My software notes

July 19, 2012

[Xplor-NIH] modified residues (protein)

Filed under: xplor/xplor-nih/cns — kpwu @ 1:02 am
Tags: , , ,

I searched the Xplor-NIH mailing list to know how many modified amino acids are supported in Xplor-NIH.

So far, I can see N-terminal acetylation and spin labeled (MTSL) cysteine are documented in the mailing list. I wonder to know if acetylated lysine, phosphorylated serine, threonine and methylation are also supported in Xplor-NIH.

Here is the example of N-terminal acetylation and MTSL-labeled cysteine:

code: ACE = N-terminal acetylation. Xplor-NIH set it as an individual residue
CYSP = spin labeled cysteine.

Steps to do:

  1.  edit your sequence file: (3-letter code, residues are separated by space), add ACE as the first residue and change the desire CYS to CSYP
  2. in typical xplor-nih (see such example scripts in xplor-nih home/eginputs), around line 35-45, change to:
    # generate PSF data from sequence and initialize the correct parameters.
    from psfGen import seqToPSF
    seqToPSF(“xyza.seq”, seqType=’prot’, startResid=0)

    –> The original script was marked off and a similar script was shown here. I also alter the number start residue to “0”.  That will be easier for me while doing NOESY assignment without shifting my residue numbers

  3. Then, run “xplor -py” to check if the generated template PDB have correct residue numbers and the modified amino acids.

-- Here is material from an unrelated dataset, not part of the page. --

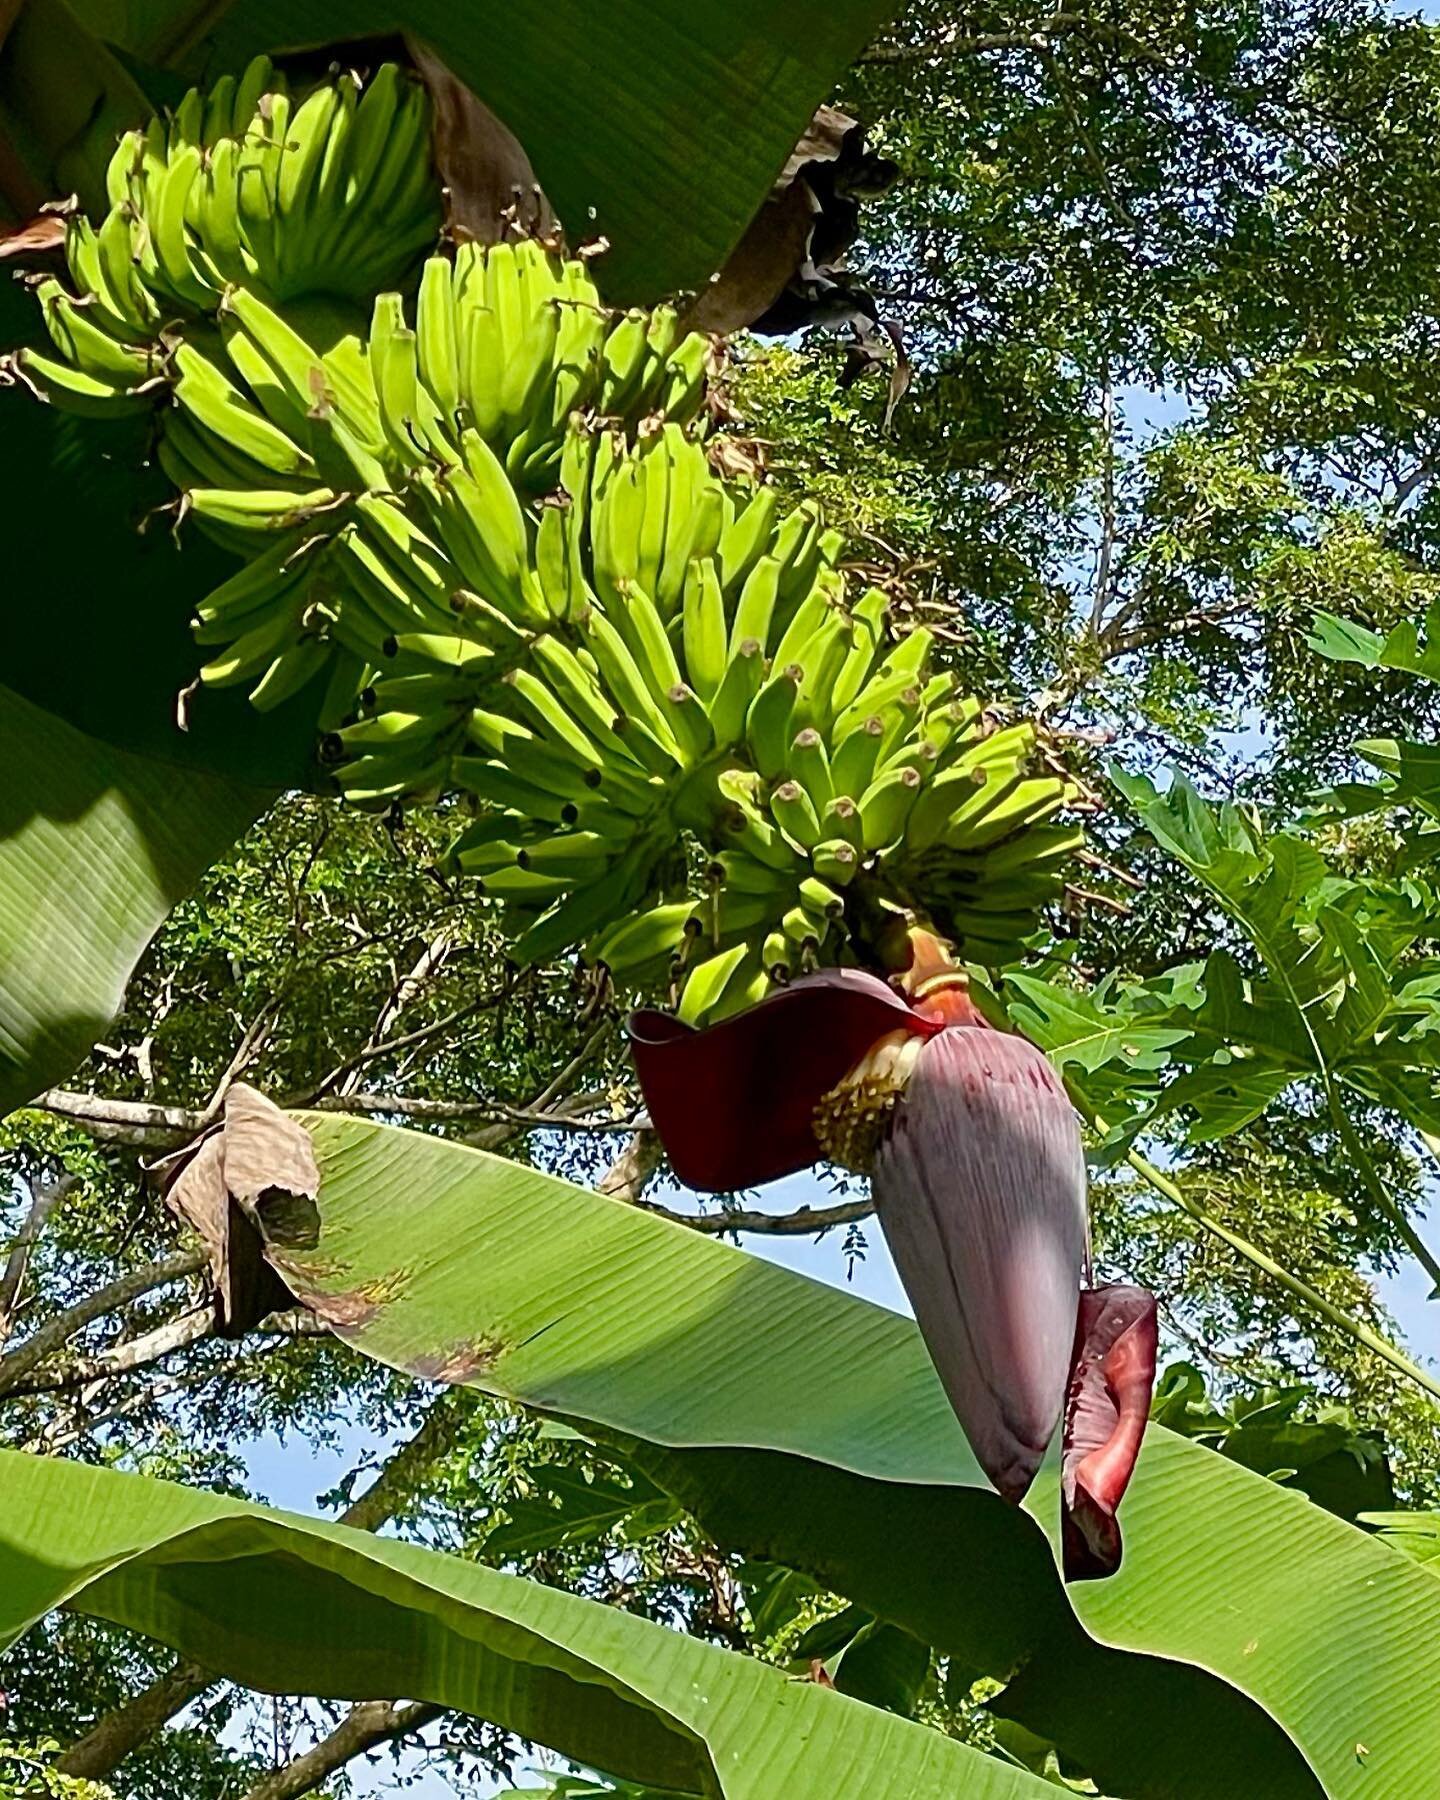 Bananas and Papayas. All Day Long. 

#bananas #papayas #fruittrees #backyardharvest #fiji #savusavu #southpacific #seriouslyfreshfruit #vanaulevuisland

Here is the snapshot of my generated template PDB. (ACE as residue 0, CYSP as residue 2)

February 22, 2012

Things must be changed before Protein-RNA docking using Haddock

Filed under: xplor/xplor-nih/cns — kpwu @ 8:10 pm
Tags: , ,

Just a note for RNA-protein docking using Haddock 2.1

System: Mac OS 10.6.8, CNS 1.3, Haddock 2.1

1. RNA (or DNA) nomenclature in CNS is not same as the names in PDB.

e.g. ACU in PDB = ADE CYT URI in CNS

The “nucleic acid builder” developed in David  Case group can generate template structure 100% satisfied to CNS format

2. change all paramenters/toppar file from version 5.3 to 5.4 (if using Mac/CNS 1.3)

3. Assume molecule B is RNA/DNA, then in

A. “filenames”, change {===>} dna_B=false; to {===>} dna_B=true (for DNA);

B. “DNA-RNA restraints”, change {===>} dnarest_on=false;  to {===>} dnarest_on=true;
also copy file “dna-rna_restraints.def” to run1/data/sequence (if it’s run1 in your path)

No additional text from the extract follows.